E @ E.T (should be the Identity Matrix):
[[ 1.  0.  0.]
 [ 0.  1. -0.]
 [ 0. -0.  1.]]

--- Normality Check (magnitudes should be 1) ---
||e1|| = 1.0000
||e2|| = 1.0000
||e3|| = 1.0000


## A General Gram-Schmidt Function

We can encapsulate the logic into a single Python function that can handle any number of input vectors.

In [5]:
def gram_schmidt(vectors):
    """
    Performs the Gram-Schmidt process on a list of vectors.
    
    Args:
        vectors (list of np.array): A list of linearly independent vectors.
        
    Returns:
        np.array: A matrix where each row is an orthonormal basis vector.
    """
    basis = []
    for v in vectors:
        # Subtract the projections of v onto the existing basis vectors
        w = v - sum(np.dot(v, e) * e for e in basis)
        
        # Check for linear dependence.

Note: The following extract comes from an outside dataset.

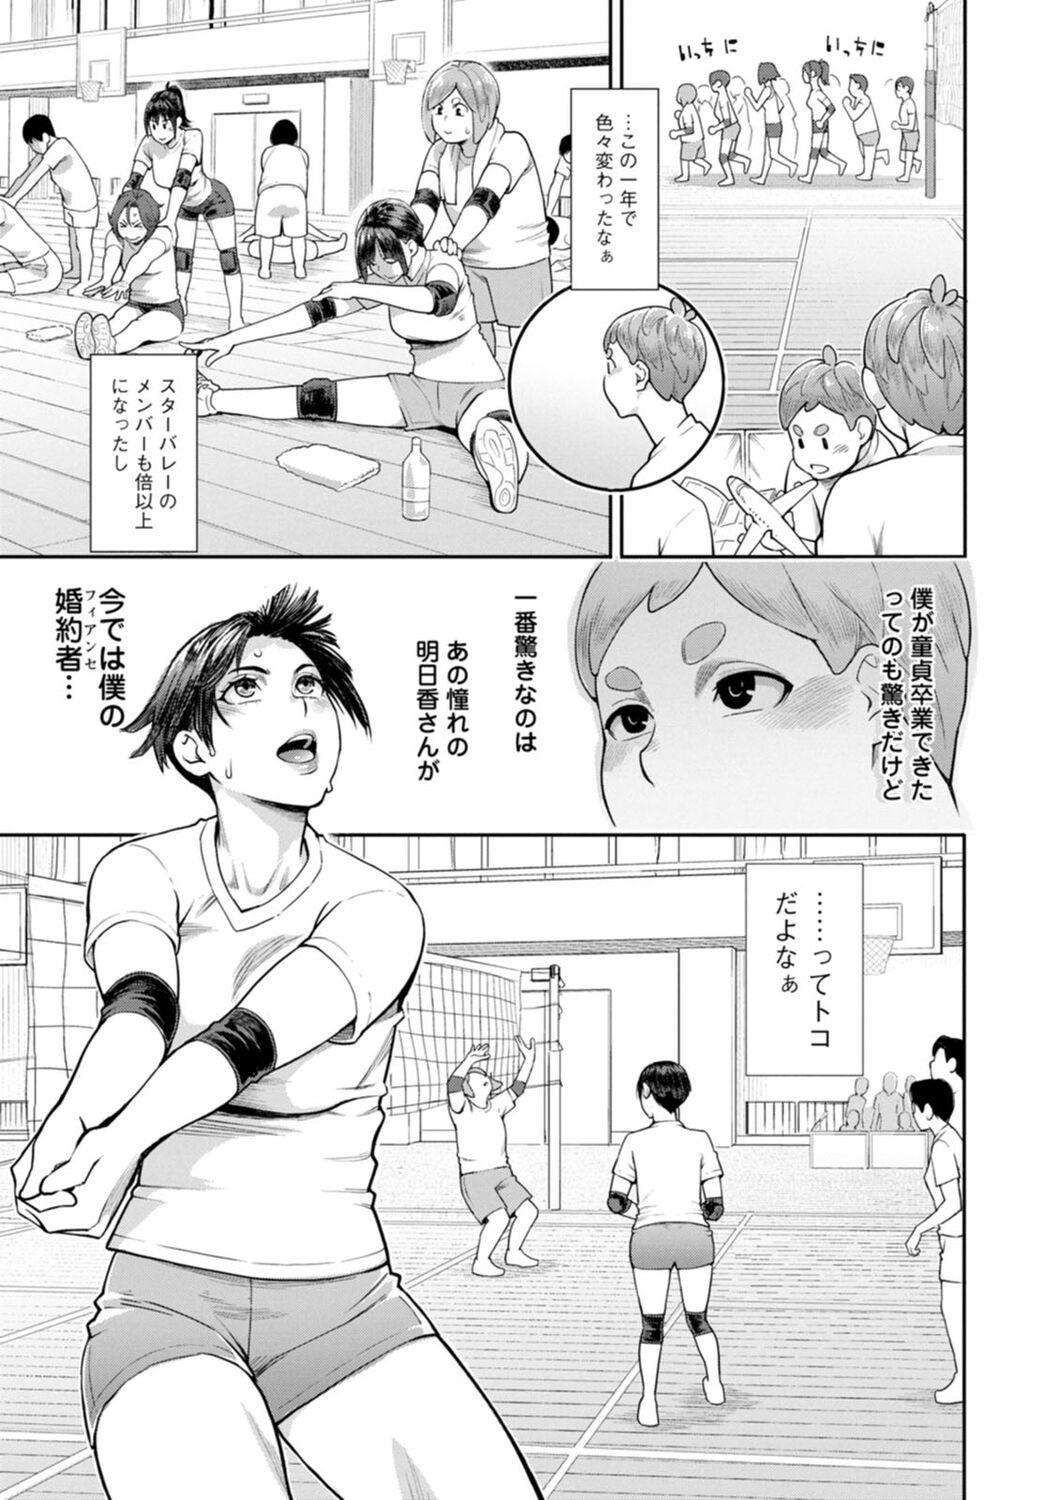 Hoshigaoka Star Volley 149

If w is the zero vector, the original
        # vectors were not linearly independent.
        if np.linalg.norm(w) > 1e-10: # Use a small tolerance for floating point
            basis.append(w / np.linalg.norm(w))
    return np.array(basis)

# Our original vectors as a list
V = [v1, v2, v3]

# Apply the function
E_func = gram_schmidt(V)

print("Orthonormal basis from the function:")
print(E_func)

# Verify the result
print("\nVerification (E @ E.T):")
print(np.round(E_func @ E_func.T, 10))

Orthonormal basis from the function:
[[ 7.07106781e-01  7.07106781e-01  0.00000000e+00]
 [-7.07106781e-01  7.07106781e-01  0.00000000e+00]
 [ 6.66133815e-16 -2.22044605e-16  1.00000000e+00]]

Verification (E @ E.T):
[[ 1.  0.  0.]
 [ 0.  1. -0.]
 [ 0. -0.  1.]]


## Conclusion

The Gram-Schmidt process is a powerful and intuitive algorithm for constructing an orthonormal basis from any set of linearly independent vectors. By iteratively subtracting projections and normalizing, it "straightens out" the original vectors into a perfectly perpendicular, unit-length framework. This resulting basis simplifies countless problems in linear algebra, numerical analysis, and beyond.